▸ INPUT DATA:
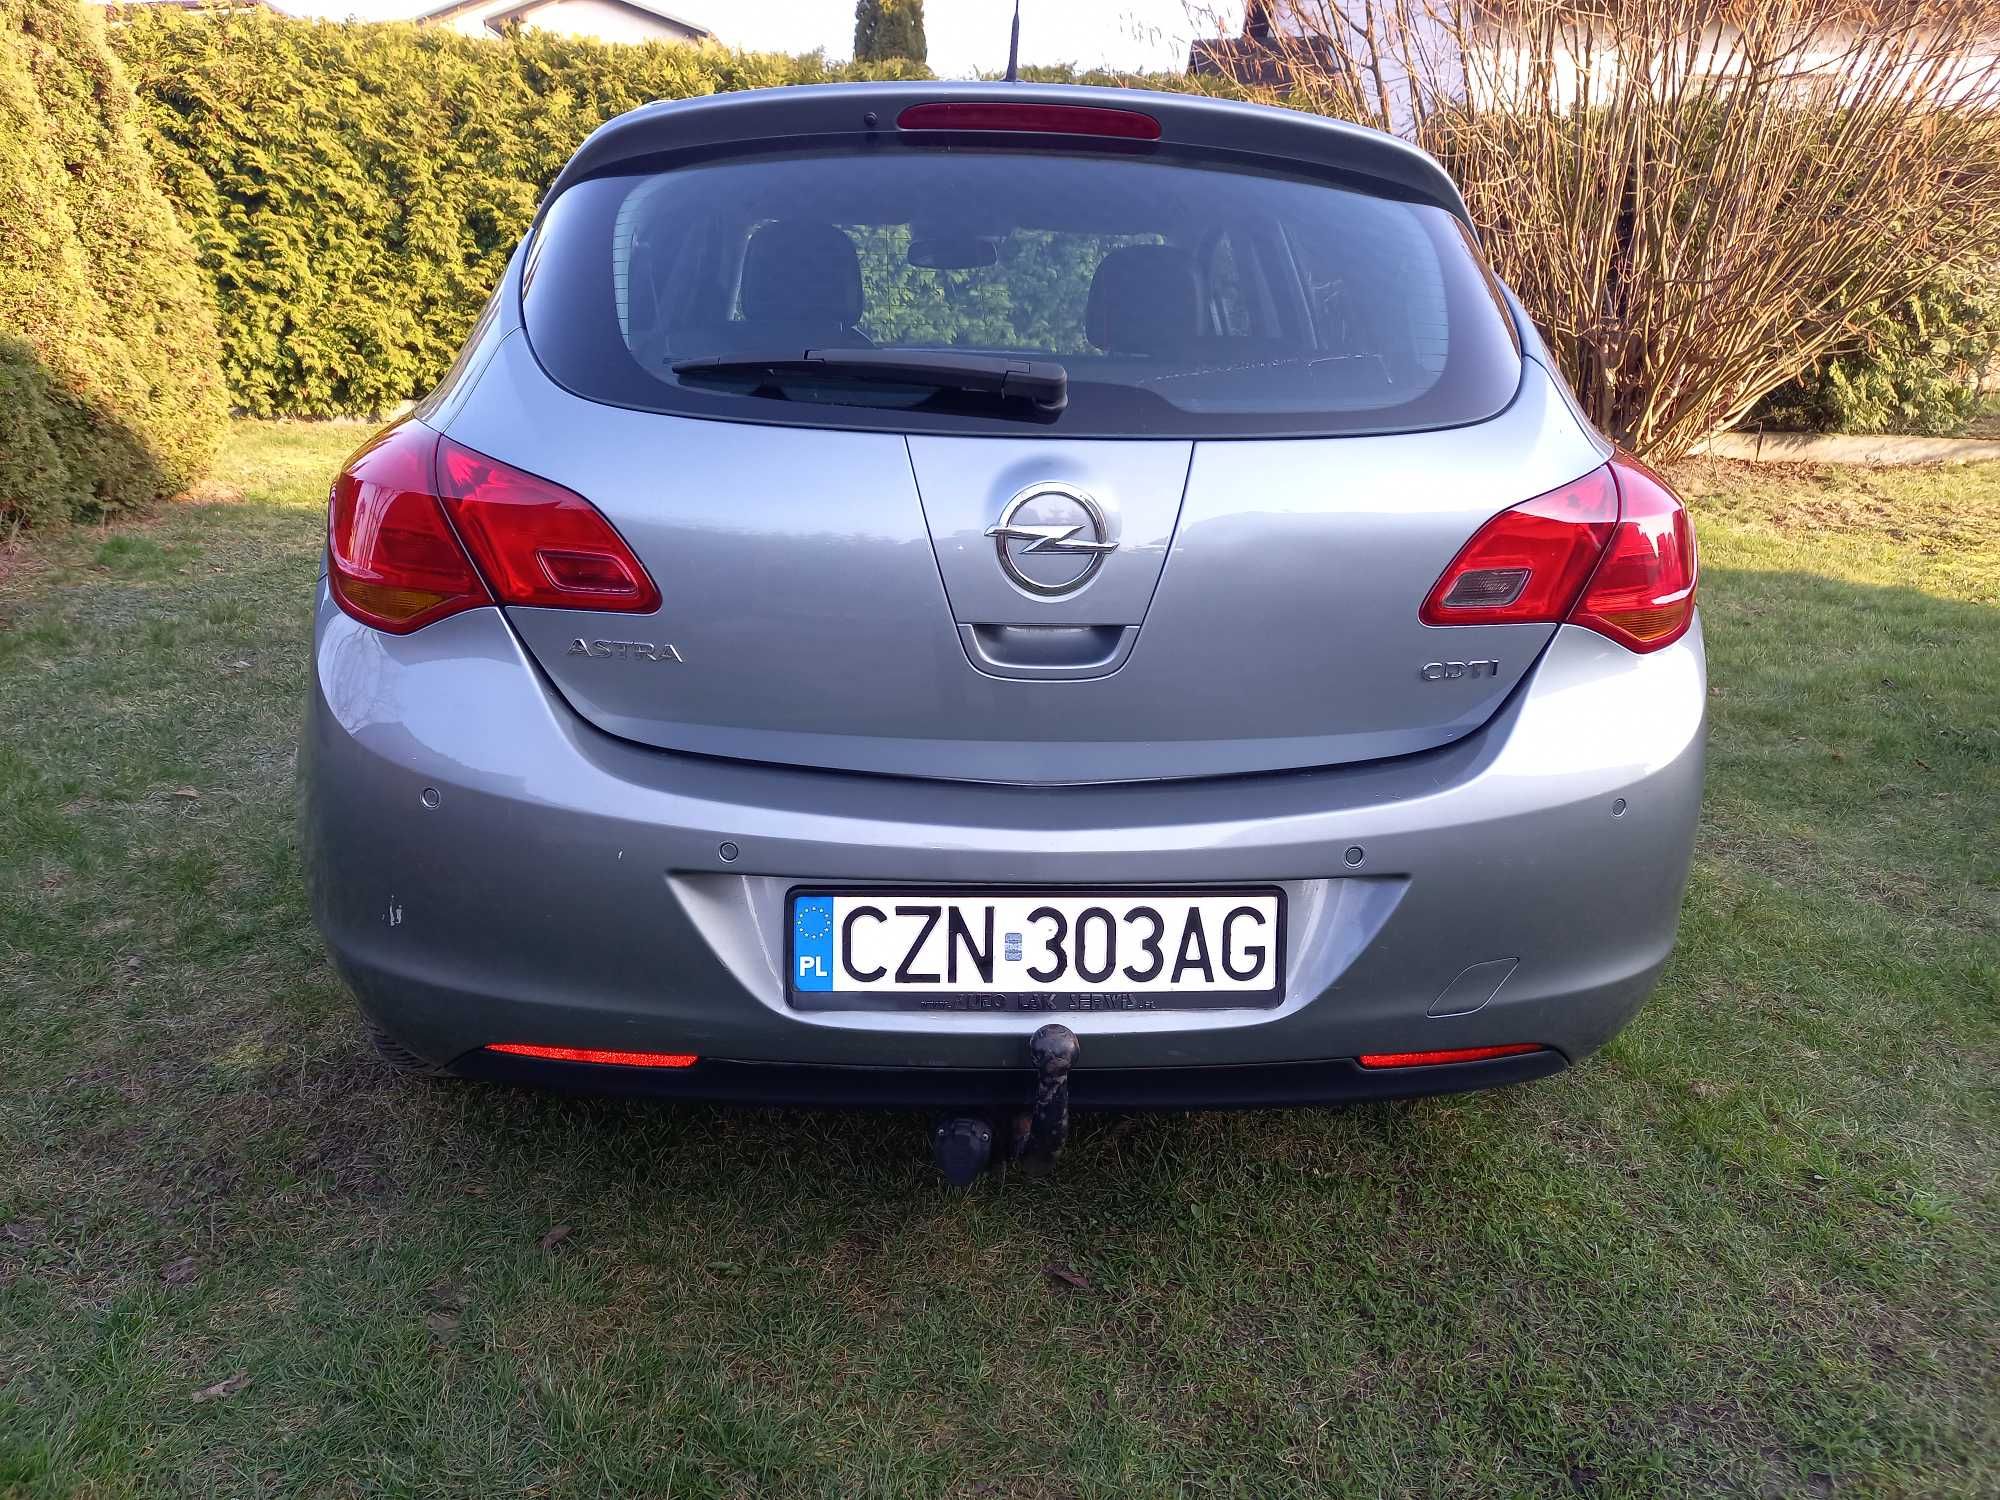 Opel Astra IV 1.7 CDTI Enjoy  2010 r  110 KM
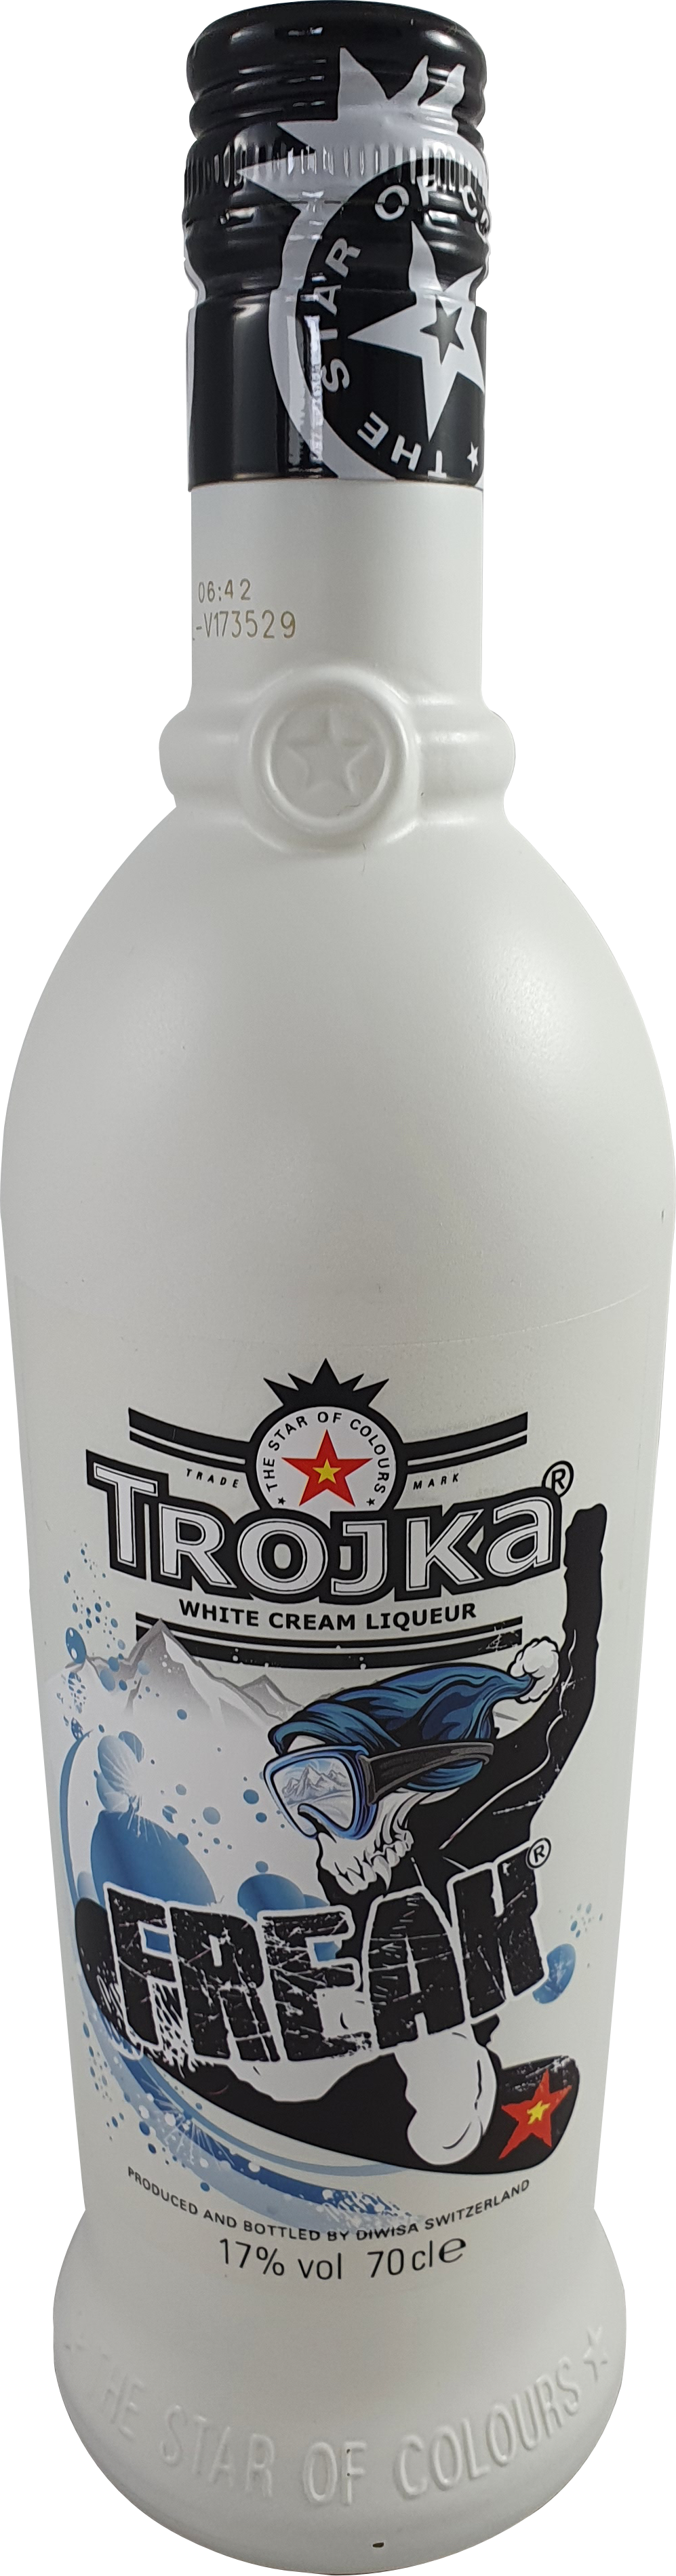 Trojka Vodka Cream (Freak) 17% 
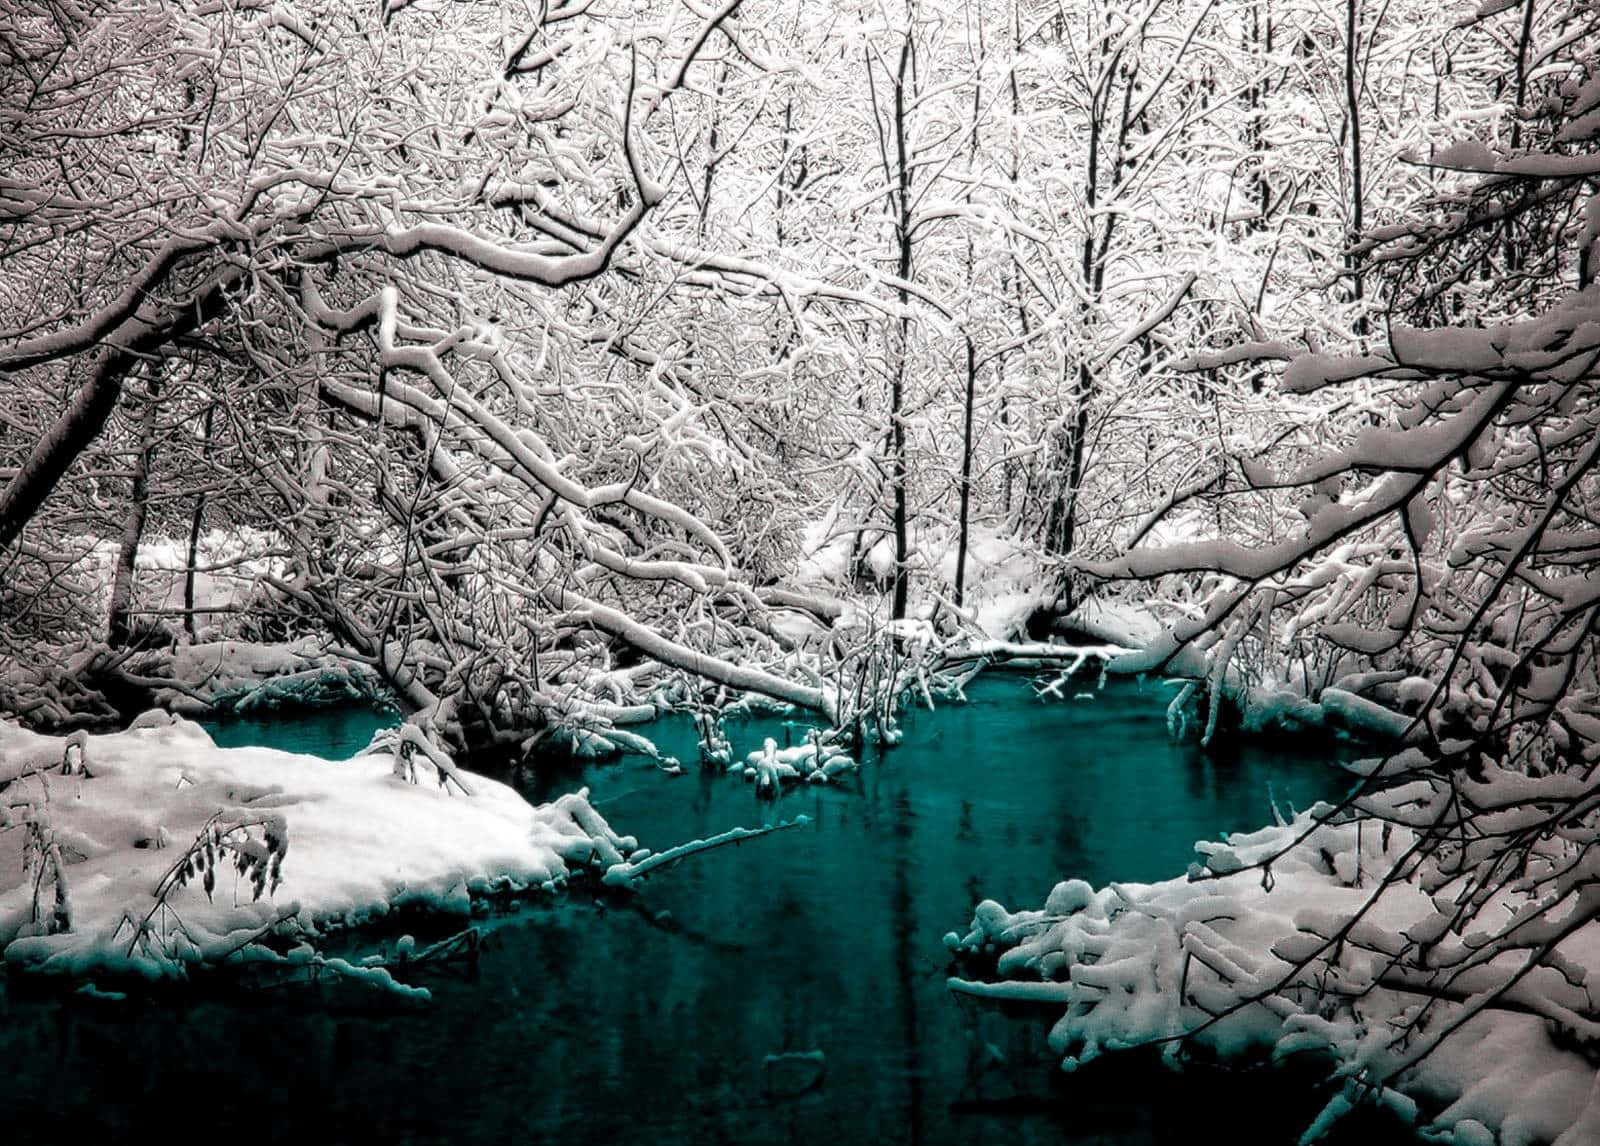 Imponentesárboles Invernales Cubiertos De Nieve. Fondo de pantalla

▸ WORK REQUIRED: With the pictures excluded, retype exactly the lines from the one containing "Trojka Vodka Cream (Freak) 17%" through the last line of the listing, both ends included.

▸ SOLUTION FOR THIS PROBLEM:
 Trojka Vodka Cream (Freak) 17% 
 Imponentesárboles Invernales Cubiertos De Nieve. Fondo de pantalla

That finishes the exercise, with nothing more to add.